Le Combat dans l'île (The Fight on the Island) is a 1962 French drama film directed by Alain Cavalier that stars Jean-Louis Trintignant, Romy Schneider, and Henri Serre. Set in the context of the campaign of bombings and assassinations by the Organisation de l'armée secrète, it tells the story of an austere young man who is corrupted by the lure of terrorism and of his more sympathetic wife, who finds both independence and a more worthwhile partner.

Plot
Clément, reserved son of a wealthy industrialist in Paris, has joined a far-right terrorist organisation. His ebullient wife Anne, formerly a popular actress, knows nothing of it until she finds a disassembled bazooka in their bedroom. One night, under orders from an associate named Serge, Clément uses the bazooka to destroy the apartment of a popular socialist politician. The media report that the politician died in the explosion and, ringing from the airport, Serge tells Clément to disappear.

He takes refuge with Anne in an isolated watermill belonging to Paul, an old school friend who now runs a socialist printing press.

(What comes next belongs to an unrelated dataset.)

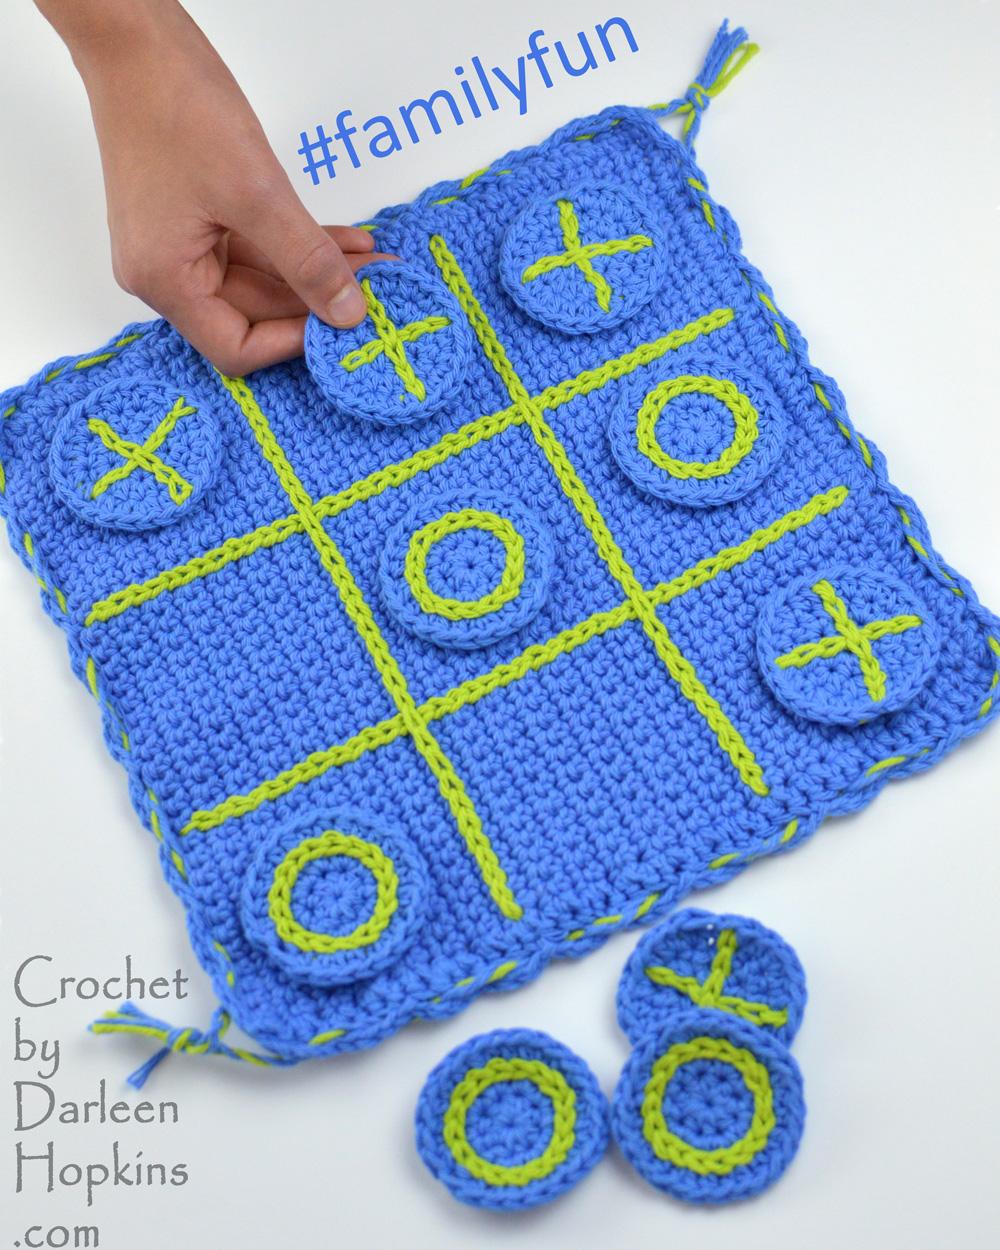 Game Family Fun Game Board Crochet By Darleen Hopkins

The media then report that the politician was not in his apartment and that the rocket obliterated a dummy. Clément realises that Serge set him up and, determined to kill him in revenge, sets off to hunt him down. Left in the watermill, Anne grows closer to the amiable Paul, who is attracted to her but reluctant to take advantage of his old friend. He encourages her to emerge from her loneliness and to go back to work as an actress. As months pass and Clément does not return, the two eventually become lovers and Anne falls pregnant.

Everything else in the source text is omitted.